VMA Improves MemCacheD Performance over 10GbE Networks

Version 10

    This post demonstrates latency and throughput benchmark results using memaslap  benchmark for testing MemCaheD over high speed Mellanox Ethernet network with and without VMA acceleration.

     

    The Benchmark

    The memaslap benchmark is a command line utility developed in conjunction with MemCacheD load generation and bechmarking Key-Value databases.

    This benchmark test shows latency and throughput improvements using memaslap benchmark over VMA comparing to non VMA benchmark.

    In our performance tests, we used the benchmark in order to understand the improvement between running with and without VMA.

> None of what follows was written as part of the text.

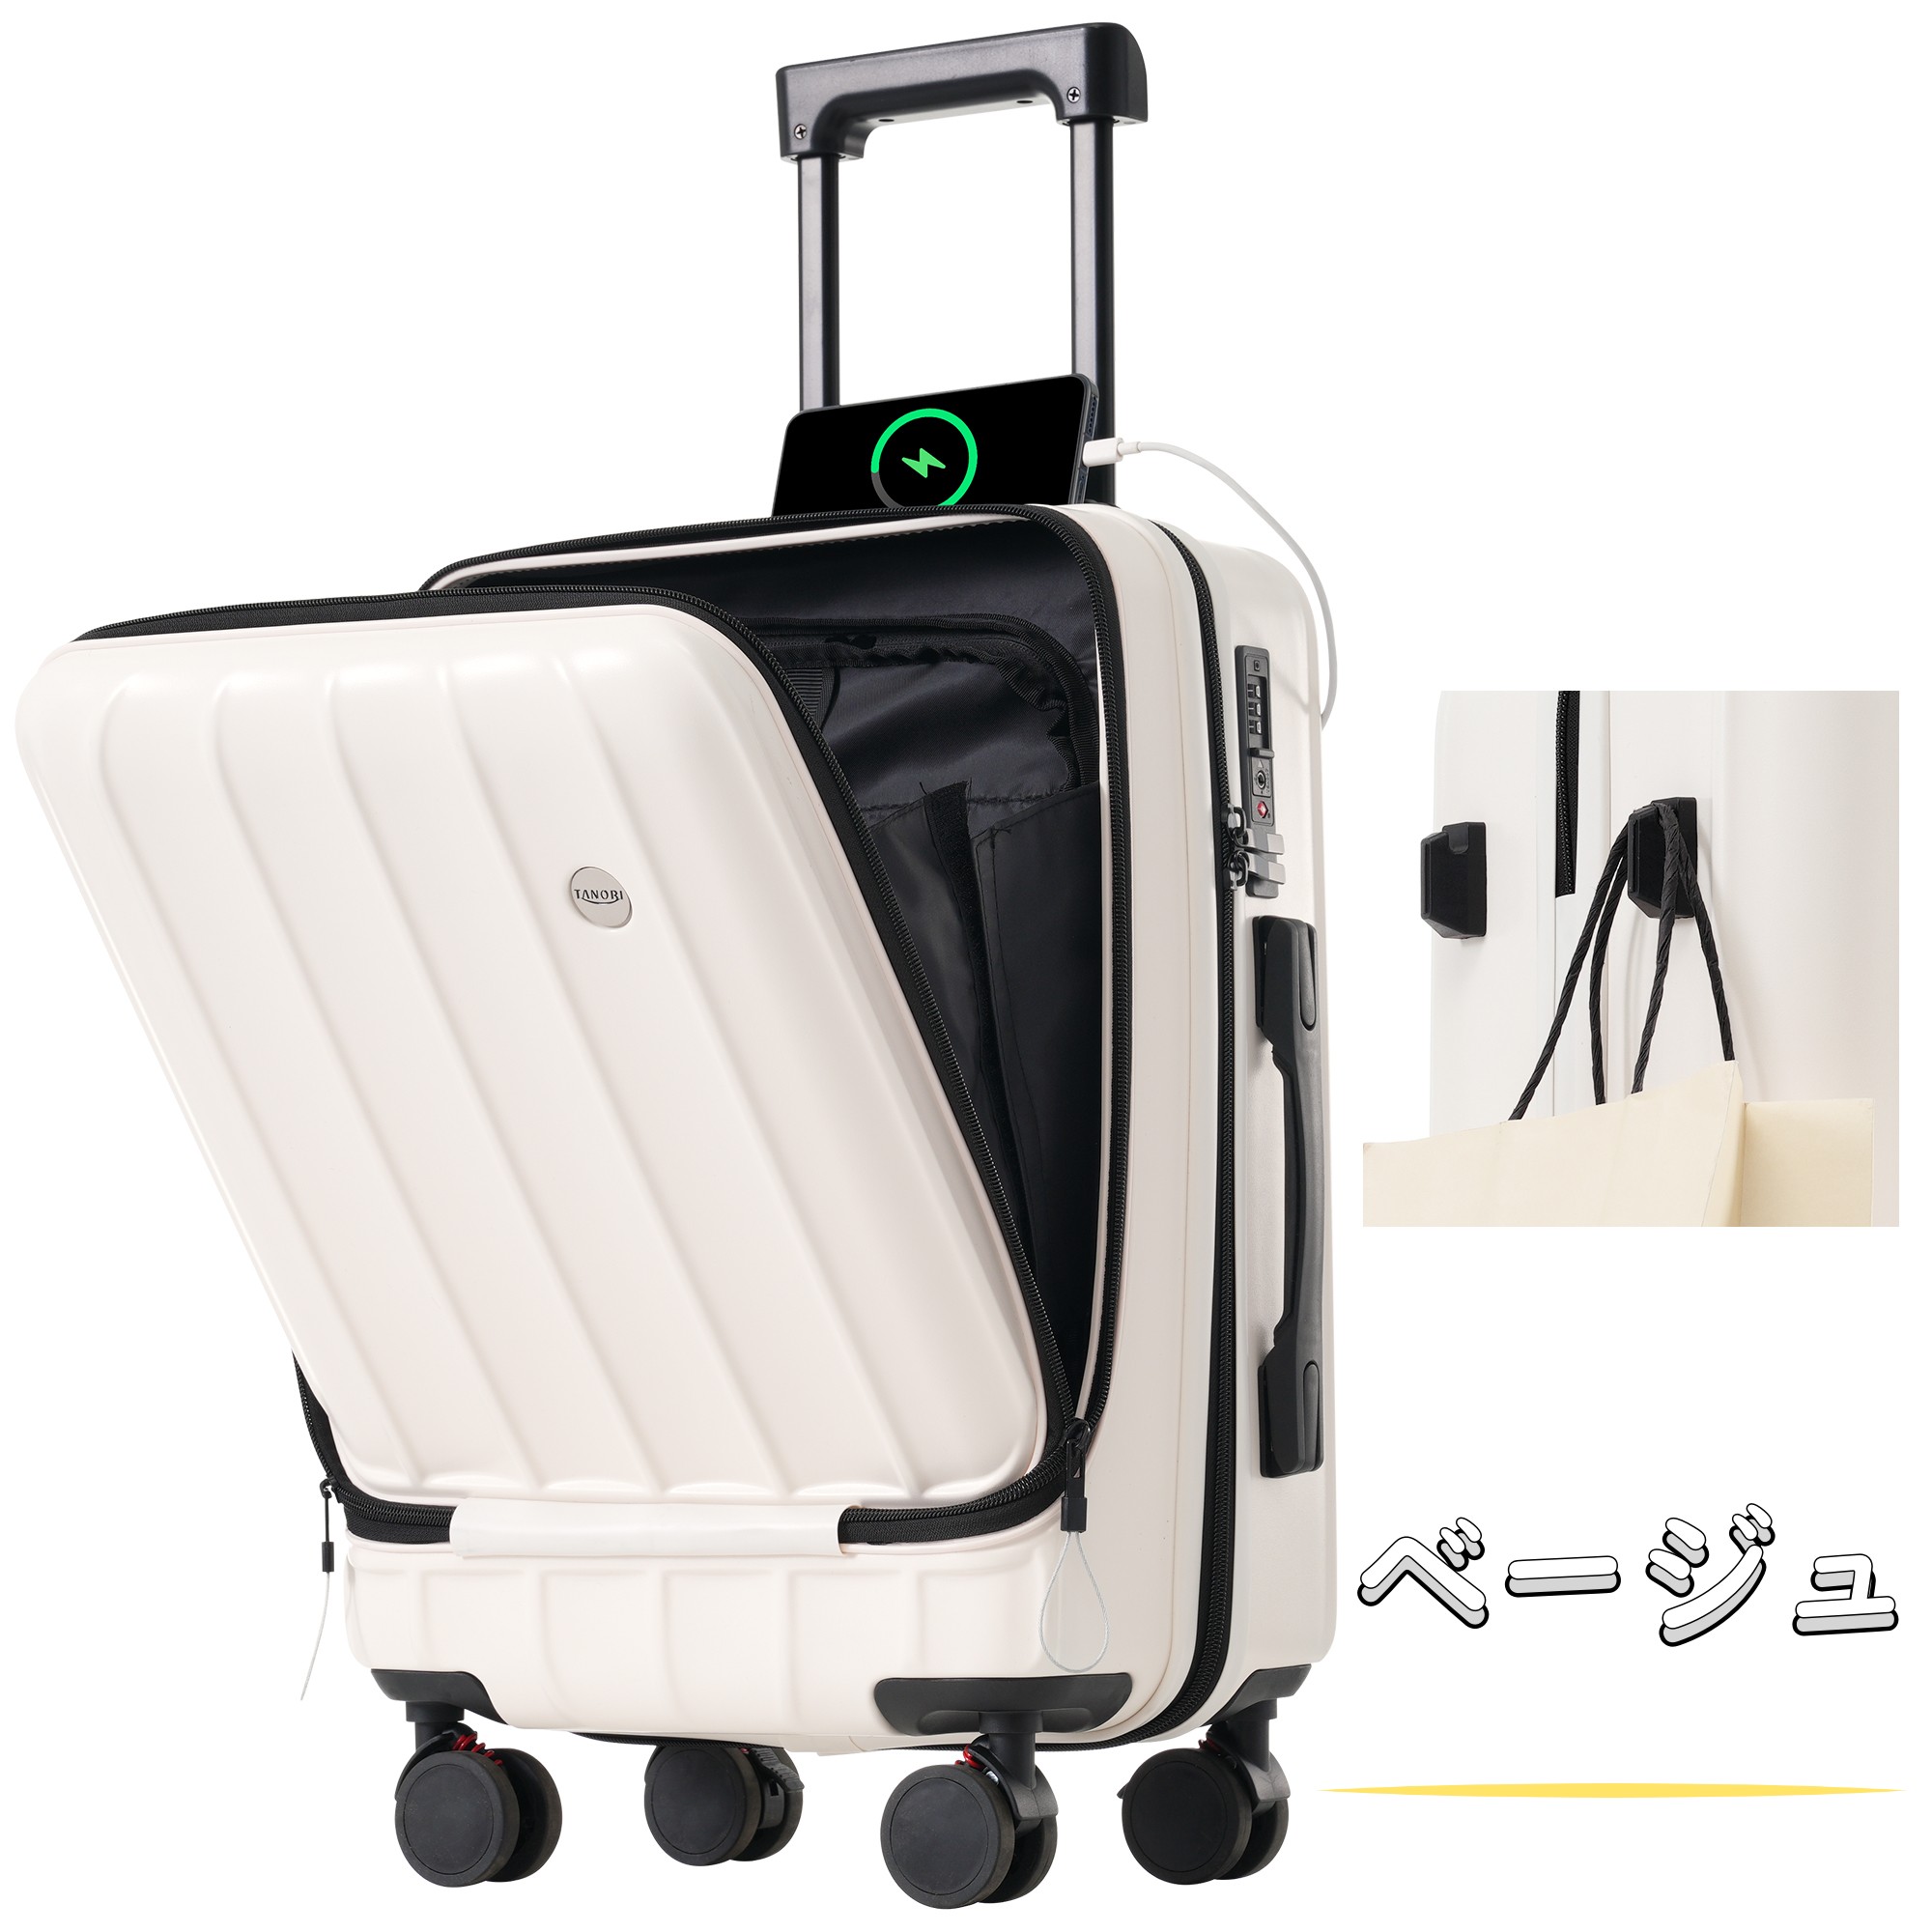 スーツケース sサイズ フロントオープン 機内持込み mサイズ lサイズ キャリーケース キャリーバッグ フック付き 超軽量 ストッパー付き  suitcase TANOBI

    The benchmark results showed significant improvement in favor of running MemCacheD on top of VMA compared to running on native kernel network stack.

     

    The MemCacheD Non-VMA is saturated around ~1M TPS (Transactions Per Second), while with VMA it is saturated around ~2M TPS

     

    Each test was executed in 2 methods:

    1. "No VMA" - Run over kernel network sockets without any acceleration
    2. "VMA on Server" side only acceleration - Client ran over the Linux sockets.

     

    The results were calculated for single MemCacheD server and single memaslap client, doing single GET operations of key & value size of 64 byte.
    The MemCacheD server was running with 7 threads while the memaslap was running with different number of threads & connections to achieve different TPS rates.
    The memaslap was always running with VMA, to achieve high rates with single client.

     

    References

     

    Setup and Configuration

    key

    64 64 1

    value

    64 64 1

    cmd

    0 0.001

    1 0.999 (GET ratio 99.9%, SET ratio 0.1%)

    • Tuning

    # service irqbalance stop

    # service iptables stop

    # service cpuspeed stop

     

    MemCacheD Command Line

    Command Line for "No VMA"

    # LD_LIBRARY_PATH=/usr/local/lib memcached -m 12000 -l 2.2.2.4 -u root -t 7 -c 10000

    Command line for "VMA on the Server"

    # LD_PRELOAD=libvma.so VMA_RING_ALLOCATION_LOGIC_TX=31 VMA_RING_ALLOCATION_LOGIC_RX=31 LD_LIBRARY_PATH=/usr/local/lib taskset -c 8-15 memcached -m 12000 -l 2.2.2.4 -u root -t 7 -c 10000

     

    Memaslap Command Line

    # VMA_RING_ALLOCATION_LOGIC_TX=20 VMA_RING_ALLOCATION_LOGIC_RX=20 LD_PRELOAD=libvma.so taskset -c 8-15 memaslap -s 2.2.2.4:11211 -T $1 -c $2 -t 30s -X 64  -S 1s

     

    Where ($1 - number of treads, $2 - number of concurrency to simulate with the load) is in: (1,1), (2,2), (3,3), (4,4), (5,5), (6,6), (7,7), (8,8), (8,16), (8,24), (8,32), (8,64)

     

    Results

    1. Latency vs. Transaction Rate (GET & SET operations) [Lower is better]

    2. Higher Max Transaction Rate below 100 usec

     

    Conclusions

    MemCacheD Non-VMA is saturated around ~1M TPS, while MemCacheD with VMA is saturated around ~2M TPS.